Search code examples
rggplot2colorbarggpubrggpairs

Making a ggpaired plot where line.color is a weighted function?


I have some data from before and after a treatment was applied, and wanted to look at the paired data, so I turned to ggpaired. I am able to get this to work fine with my data. (I simulated some data that is similar to what I am working with so that others could mess around with it.)

set.seed(123)
size <- 28
a.d <- round(runif(size, 1, 4))
g.d <- round(runif(size, 1, 4))
s.d <- round(runif(size, 1, 4))
p.d <- round(runif(size, 1, 4))
a.f <- a.d + round(runif(1,-1,1))
g.f <- g.d + round(runif(1,-1,1))
s.f <- s.d + round(runif(1,-1,1))
p.f <- p.d + round(runif(1,-1,1))

df.t <- data.frame("A" = c(a.d,a.f),"G" = c(g.d,g.f),"S" = c(s.d,s.f),"P" = c(p.d,p.f),"V" = c(rep("D", size),rep("F", size)))

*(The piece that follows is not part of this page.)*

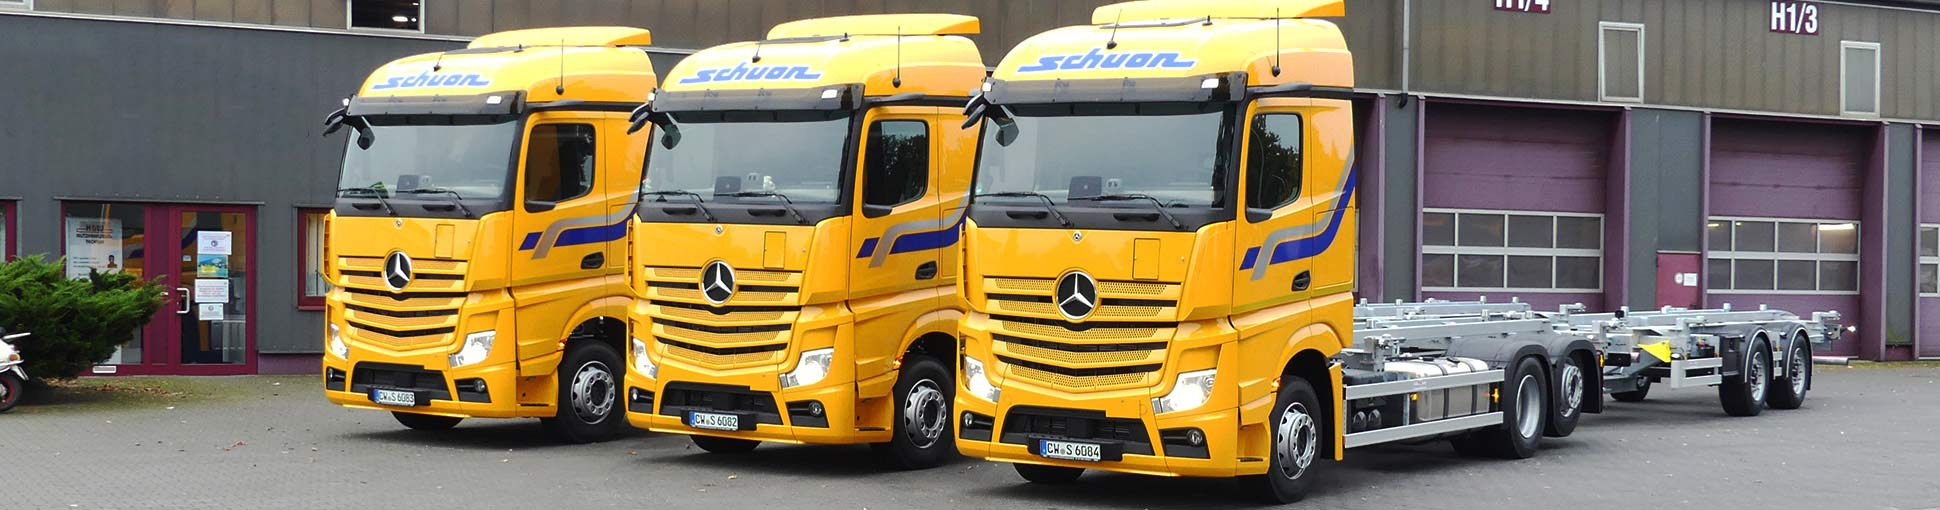 Transportlogistik systemverkehre

Then to plot (I have installed and loaded the packages ggpubr, gridExtra, and ggplot2):

p <- list()
for(i in colnames(df.t[,-5])){
    d <- head(df.t[i],nrow(df.t)/2)
    d <- d[,i]
    f <- tail(df.t[i],nrow(df.t)/2)
    f <- f[,i]
    fin <- data.frame(draft = d, final = f)

    p[[i]] <- ggpaired(fin, cond1 = "draft", cond2 = "final", fill = "condition", line.color = "gray", line.size = 0.4, palette = "jco", xlab = "Draft version", ylab = paste(colnames(df.t[i]),"rating"), title = paste("Paired box plot of",colnames(df.t[i]),"ratings"))
}

do.call(grid.arrange,p)

which produces the image:

enter image description here

This is fine, but I have a lot of values that go from, say, a value of 2 pre-treatment and then are a value of 1 post-treatment, and you can't really visualize it with the line color as is. While googling, I came across this post, which isn't what I need, I think. I don't know the best way to phrase this question and keep finding results for edge line width for networks.

Basically, what I would like to do is this: if I have 11 observations that go from 3 to 2, I would like the line from 3 to 2 to be darker than, say, the line from 1 to 0, which only has 3 observations, a little like in this very quick mock-up I did in Paint:

enter image description here

I hope that it would be possible to do something like this with line.color (or maybe with line.weight?), and making a function that colors the lines by the weight (or more specifically, the number of counts), but I'm not the best with R (and rather new to it), so any help would be appreciated, as I don't know how to begin doing something like this, and everything I google regarding this topic seems related to network graphs.


Solution

  • What you want is certainly possible, but using ggpaired may not be the most straightforward way to get there (disclaimer: I don't use the ggpubr package much.)

    ggpaired is essentially a wrapped around the underlying ggplot2 package's functions. If you want to make changes to how the things are done, making changes in the underlying functions is a clean way to go about it. (If you intend to use R in the future, getting down to the brass tacks is also a good way to learn.)

    Here's how I'd do it, starting from the original dataframe df.t:

    library(dplyr)
    
    df.t %>%
      mutate(pair.order = rep(seq(1, n()/2), times = 2)) %>% # add new column to keep track of pairs
      tidyr::pivot_longer(cols = A:P, names_to = "facet") %>% # convert data to long form so all 
                                                              # values are captured in one variable
      ggplot(aes(x = V, y = value, fill = V)) +
      geom_boxplot() +  
      geom_line(data = . %>%                             # further data manipulation for line layer
                  tidyr::pivot_wider(names_from = V) %>% # arrange values in pairs
                  count(facet, D, F) %>%                 # & aggregate them for each treatment
                  mutate(n = cut(n, breaks = c(0, 5, 10, Inf),
                                 labels = c("n \u2264 5", "6 < n \u2264 10", "n > 10"))) %>%
                  mutate(line.group = seq(1, n())) %>%   # add grouping identifier for line
                  tidyr::pivot_longer(cols = D:F, names_to = "V"),  # return to long form
                aes(group = line.group, 
                    colour = forcats::fct_rev(n)), # reverse category order for count
                size = 2) +                        # increase line size for easier comparison
      
      facet_wrap(~facet,     # split into 4 plot facets, one for each treatment
                 labeller = labeller(facet = function(x) paste("Paired boxplot of", x, "ratings"))) +
      scale_x_discrete(labels = c("draft", "final")) +
      labs(y = "rating", colour = "Number of\ncounts") +
      ggsci::scale_fill_jco(guide = FALSE) + # not showing legend since it's the same as x-axis
      scale_colour_grey() +
      theme_pubr() +
      theme(legend.position = "right",
            axis.title.x = element_blank())
    

    plot